As an AR Follow-up Analyst, you will play a crucial role in managing the insurance claims process for US-based healthcare practices. This position focuses on maximizing insurance reimbursements, identifying claim issues, and resolving payment denials. The ideal candidate will have experience working with US medical insurance claims and will ensure smooth interactions with insurance carriers and practice owners.
Key Responsibilities
- Insurance Claim Follow-up:
- Follow up with US-based insurance carriers on unpaid, underpaid, or delayed claims.
- Root Cause Analysis & Appeals:
- Identify causes for claim denials or underpayments and initiate the appeal process.
- Collaborate with Practice Owners and Clinicians:
- Work with US-based healthcare providers to correct missing or incorrect claim data.
- Claim Processing:
- Ensure claims align with ICD-10, CPT, HCPC codes and correct CMS-1500 and UB-04 claim formats.
- Optimize Payment Processes:
- Propose resolutions to maximize reimbursement and streamline the insurance process.
Qualifications
- Experience:
- Minimum 6 months of experience in US-based AR follow-up and payment posting.
- Industry Knowledge:
- Familiarity with the US medical insurance system and claims processing cycle.

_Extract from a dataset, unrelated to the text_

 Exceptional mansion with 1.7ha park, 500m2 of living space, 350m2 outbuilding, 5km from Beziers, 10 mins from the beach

- Working knowledge of ICD-10, CPT, HCPC codes, CMS-1500, and UB-04 formats.
- Software Experience:
- Prior experience with Vericle software is a must.
- Skills:
- Excellent communication, listening, and problem-solving skills.

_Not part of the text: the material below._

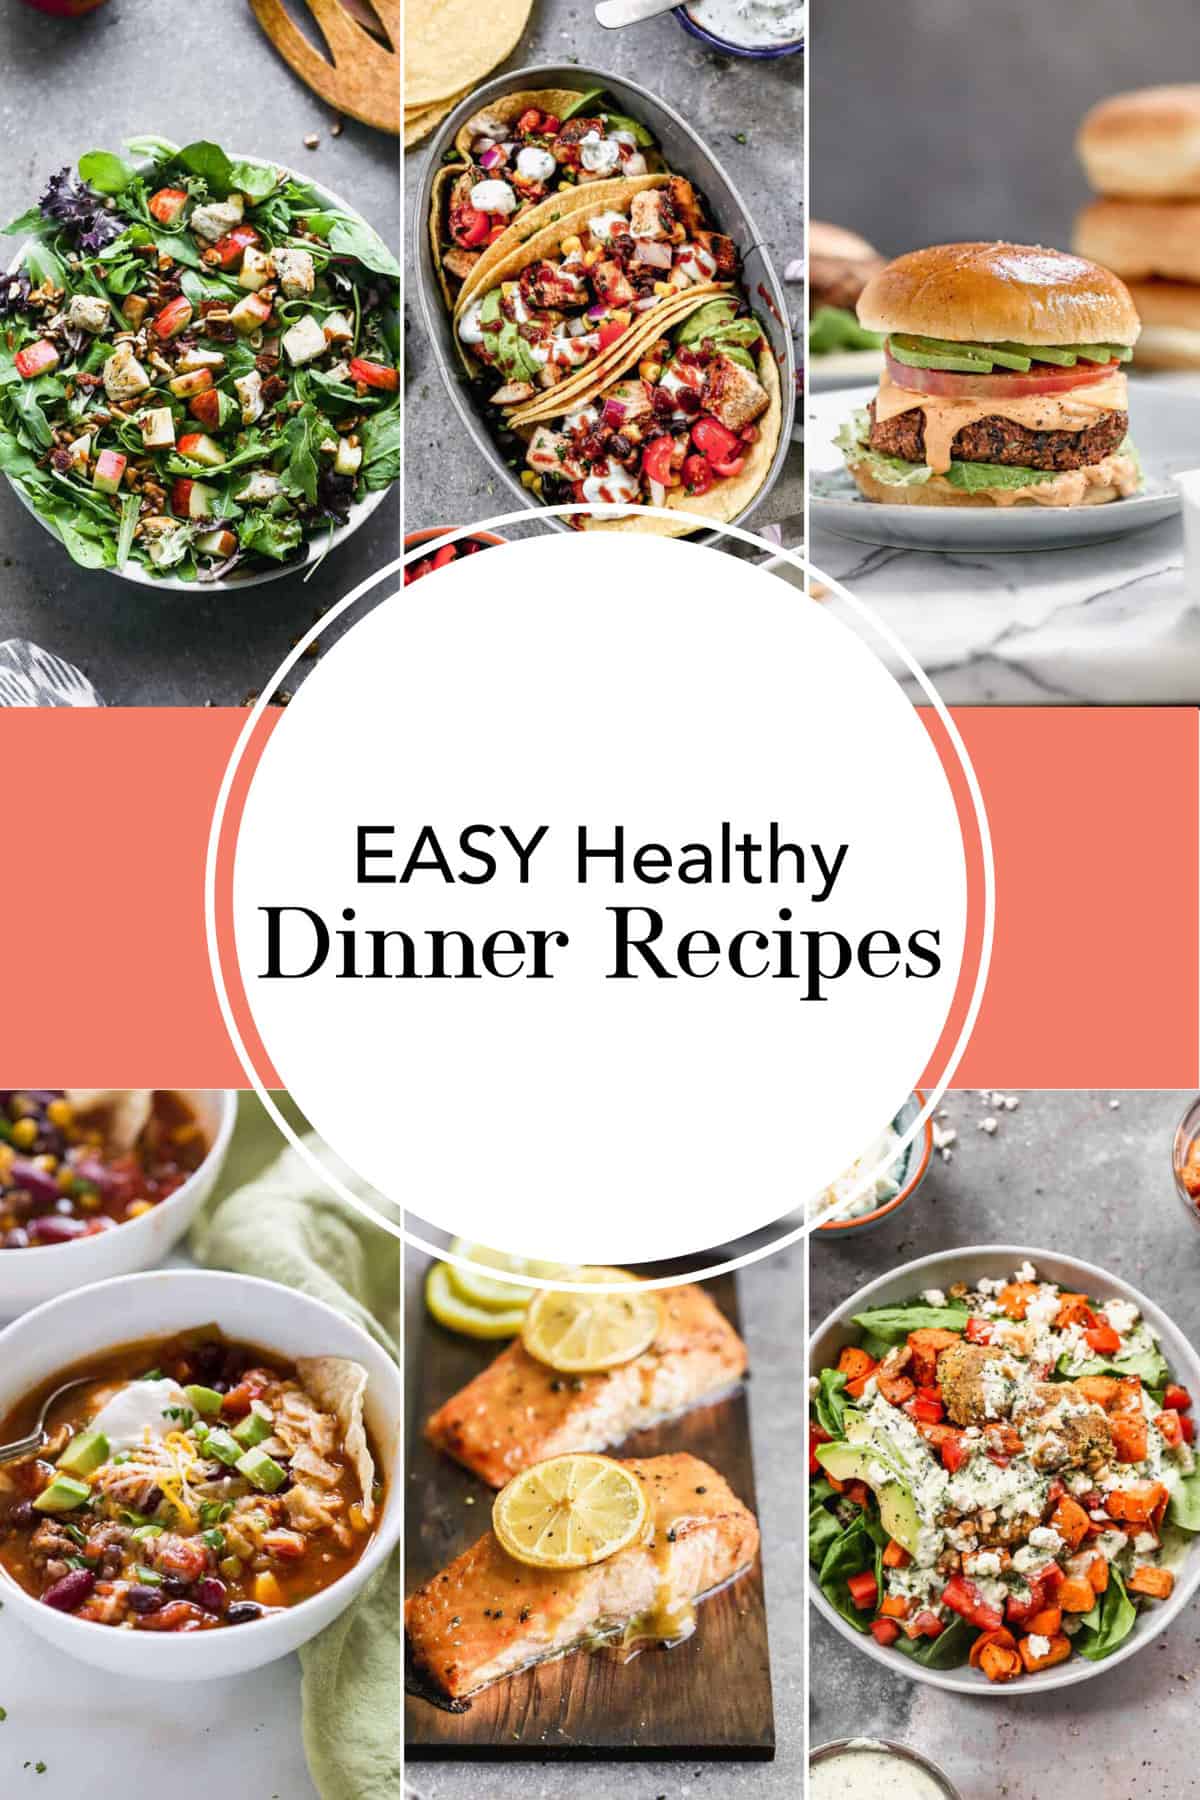 50+ Delicious Meal Prep Salads + FREE Printable Meal Planner

- Self-motivated and able to work independently.
Requirements
- Work Hours:
- Must be comfortable working in US Eastern Time Zone (night shift).
- Equipment:
- Laptop/Desktop with at least 8 GB RAM.
- Reliable internet connection and mobile hotspot backup.
- Work Environment:
- Ability to work remotely from home.
Why Join Vericle?
- Flexible remote work environment with opportunities to work with international clients.
- Exposure to the US healthcare system and industry-standard tools.
- Collaborative and supportive virtual work culture.